# Instructions to follow:
In the listing that follows, how many lines include the word "Marblehead"? Only the number is wanted.

# Task input:
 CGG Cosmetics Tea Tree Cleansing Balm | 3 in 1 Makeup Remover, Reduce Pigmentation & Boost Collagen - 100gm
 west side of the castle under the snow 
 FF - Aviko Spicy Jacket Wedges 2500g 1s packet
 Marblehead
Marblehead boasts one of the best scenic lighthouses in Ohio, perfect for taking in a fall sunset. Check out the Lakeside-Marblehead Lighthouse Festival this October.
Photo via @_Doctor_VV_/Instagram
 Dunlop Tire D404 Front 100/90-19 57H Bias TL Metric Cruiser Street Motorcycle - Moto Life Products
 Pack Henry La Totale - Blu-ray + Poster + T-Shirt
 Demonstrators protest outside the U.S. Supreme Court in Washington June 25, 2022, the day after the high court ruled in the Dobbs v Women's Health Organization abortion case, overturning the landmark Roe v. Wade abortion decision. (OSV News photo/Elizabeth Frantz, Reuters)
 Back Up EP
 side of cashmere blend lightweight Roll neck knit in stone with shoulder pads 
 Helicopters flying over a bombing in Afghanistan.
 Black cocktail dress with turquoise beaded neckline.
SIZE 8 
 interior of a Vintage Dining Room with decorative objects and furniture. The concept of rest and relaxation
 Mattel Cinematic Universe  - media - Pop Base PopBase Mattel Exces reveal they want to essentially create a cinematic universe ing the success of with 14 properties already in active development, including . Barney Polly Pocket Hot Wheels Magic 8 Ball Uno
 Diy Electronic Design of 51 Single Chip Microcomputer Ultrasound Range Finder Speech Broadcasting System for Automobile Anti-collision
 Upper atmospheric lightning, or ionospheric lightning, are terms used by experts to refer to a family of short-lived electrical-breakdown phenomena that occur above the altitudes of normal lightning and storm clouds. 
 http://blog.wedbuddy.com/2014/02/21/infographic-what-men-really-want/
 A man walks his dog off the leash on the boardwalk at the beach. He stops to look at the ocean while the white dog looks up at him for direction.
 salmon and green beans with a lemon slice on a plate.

# Result:
2